Set and Heap Algorithms
Set algorithms operating on sorted ranges and heap operations — multiset semantics, complexity guarantees, and C++20 ranges versions.
Set and Heap Algorithmssince C++98Six algorithms in <algorithm> that compute multiset relationships (union, intersection, difference, subset) over sorted ranges, plus five heap algorithms implementing priority-queue operations on any random-access range.
Overview
The set algorithms treat sorted ranges as mathematical multisets: element multiplicity is preserved according to well-defined rules. If an element appears M times in the first range and N times in the second:
| Algorithm | Output count per element |
|---|---|
set_union | max(M, N) |
set_intersection | min(M, N) |
set_difference | max(0, M − N) |
set_symmetric_difference | |M − N| |
All four produce a sorted output range using the same ordering relation as the inputs.

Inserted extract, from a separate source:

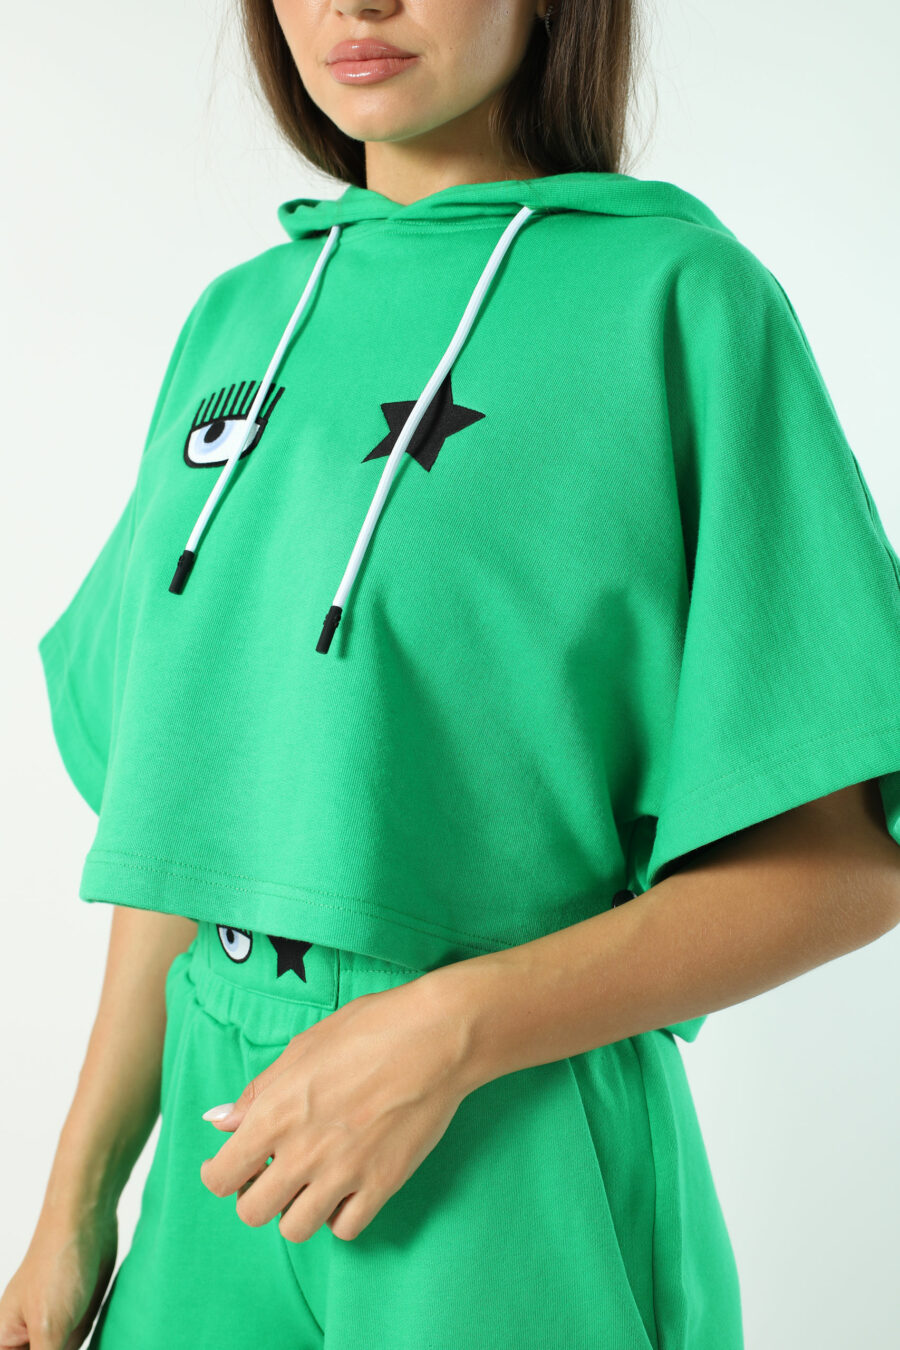 Sudadera manga corta verde con capucha y logo ojo y estrella - Photos 2593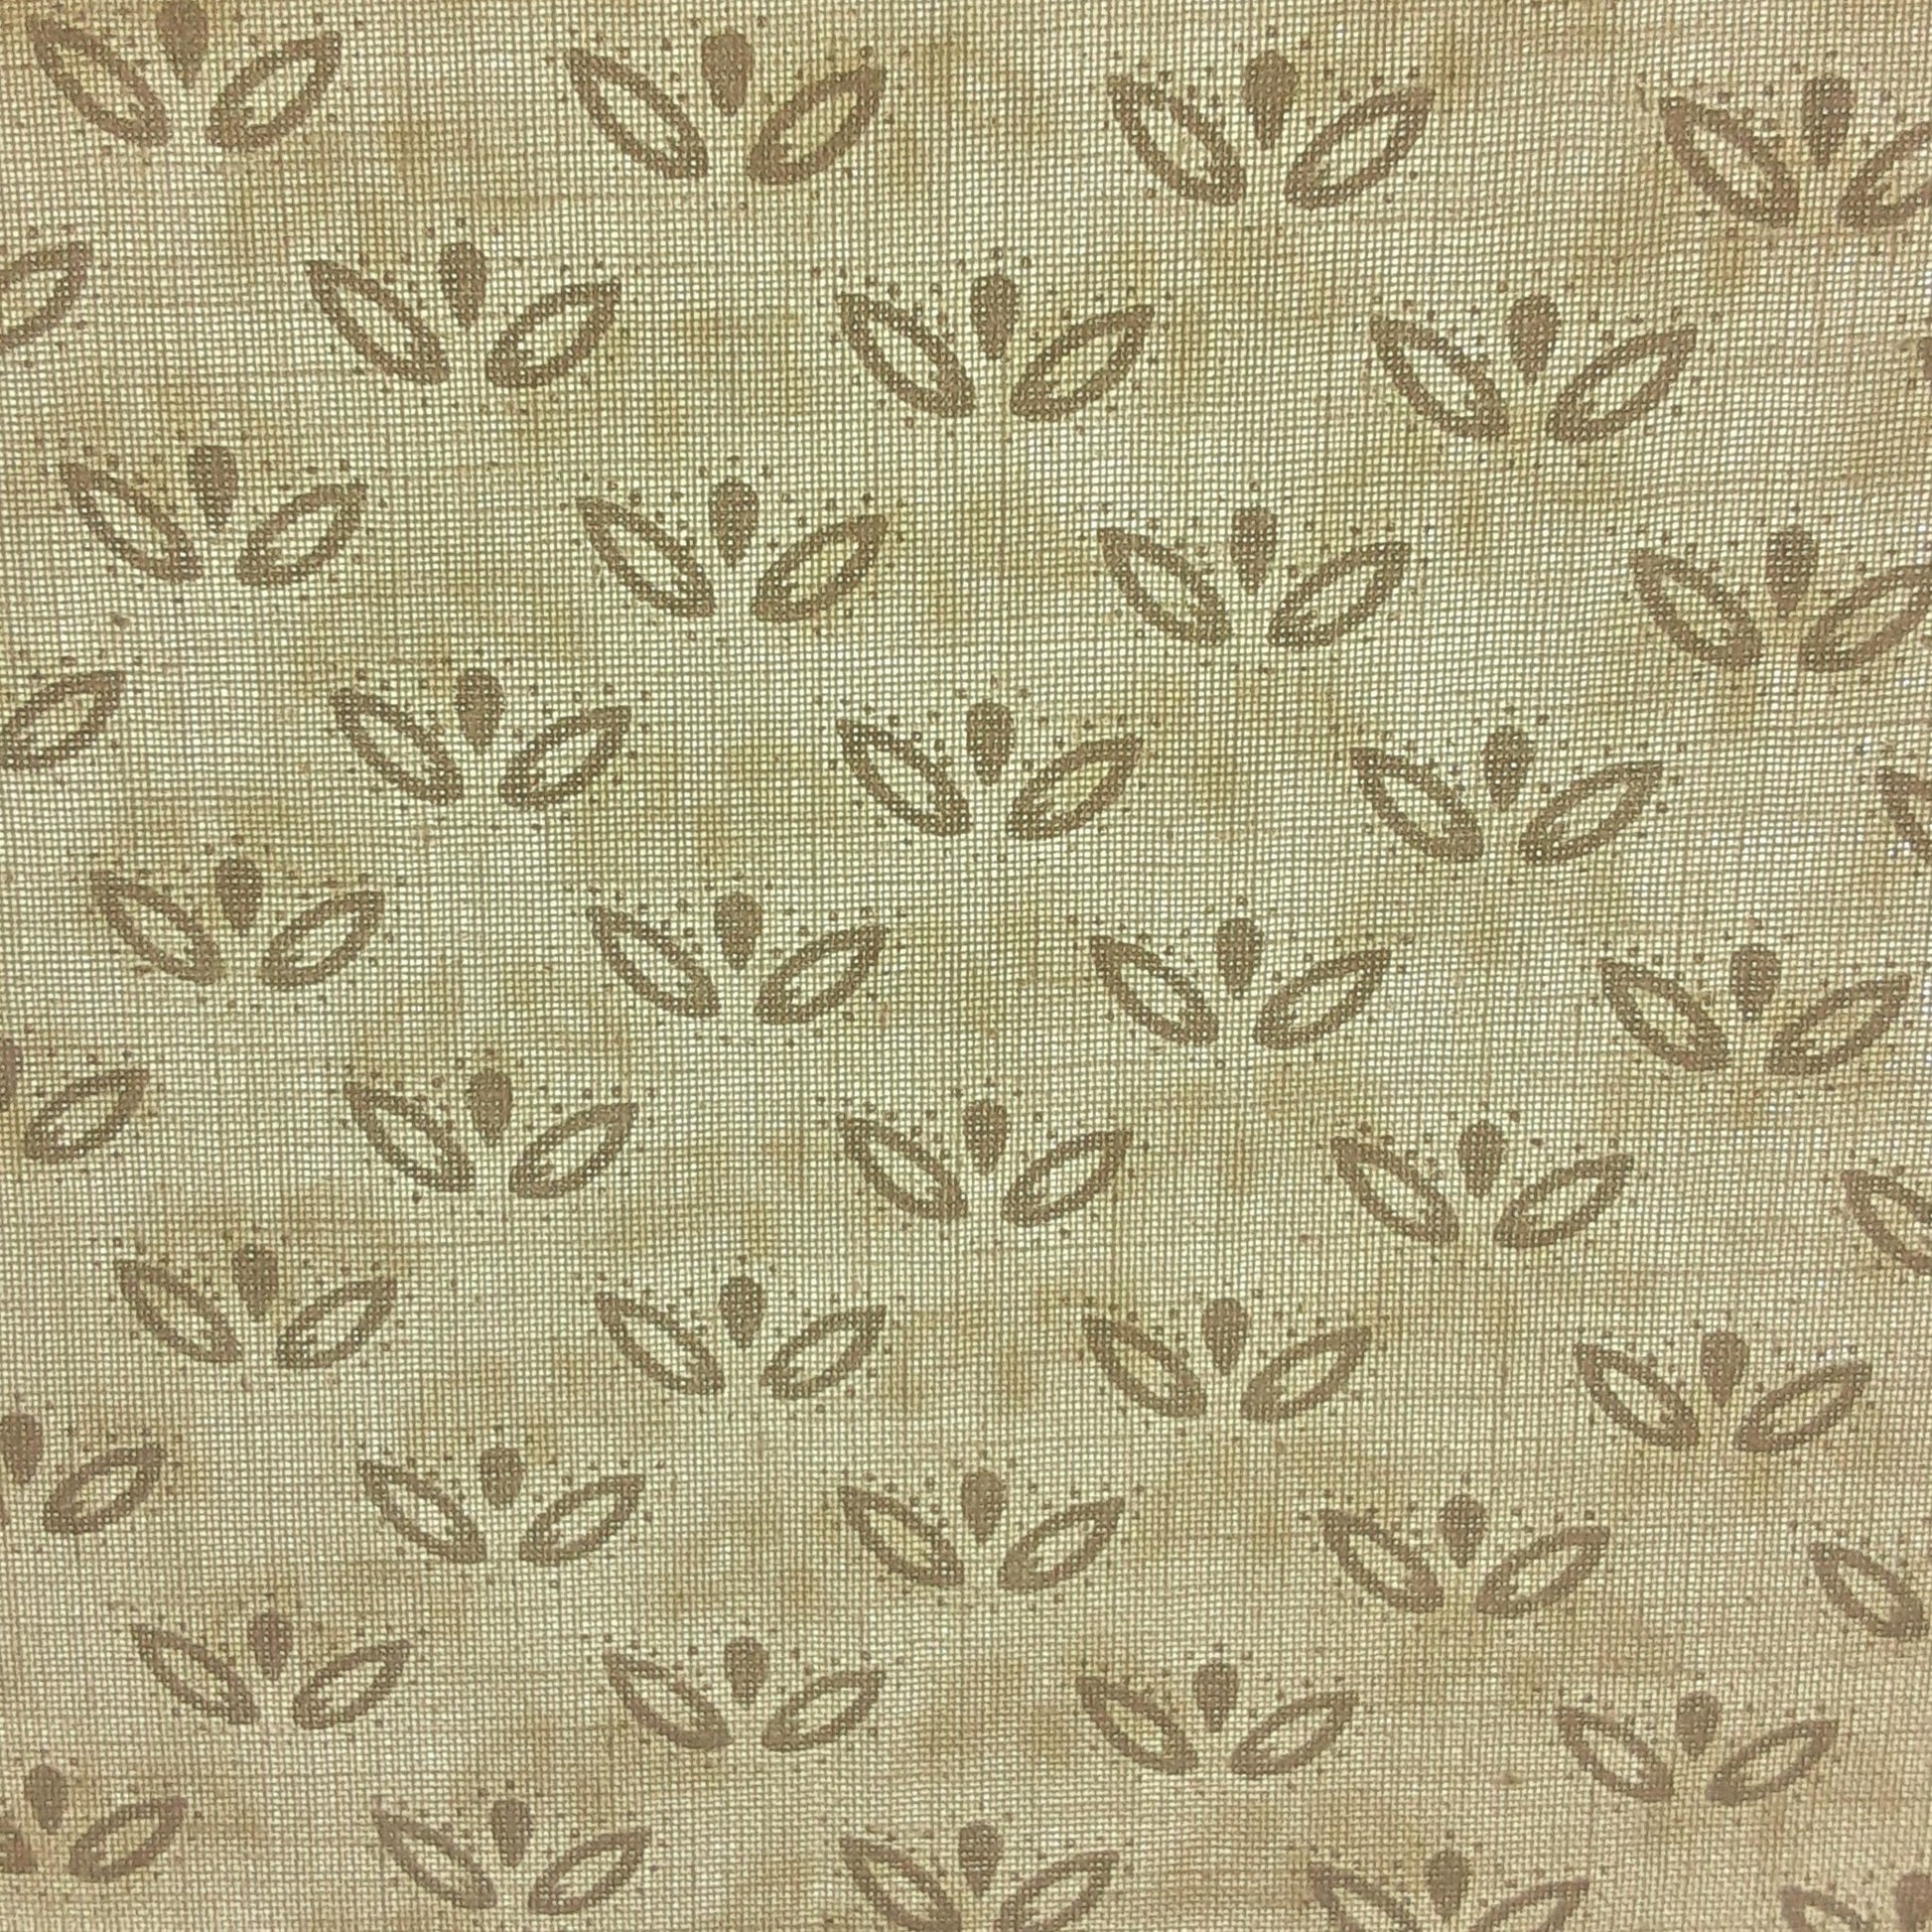 Ivory #U81 Water Lilly Tonal Woven Fabric - SKU 5803B

The heap algorithms implement a binary max-heap stored in a flat array, guaranteeing the maximum element is always at v[0].
Critical preconditions for set algorithms:
- Both input ranges must be sorted under the same comparator passed to the algorithm. Violating this is undefined behavior, not just wrong results.
- The output range must not overlap either input range.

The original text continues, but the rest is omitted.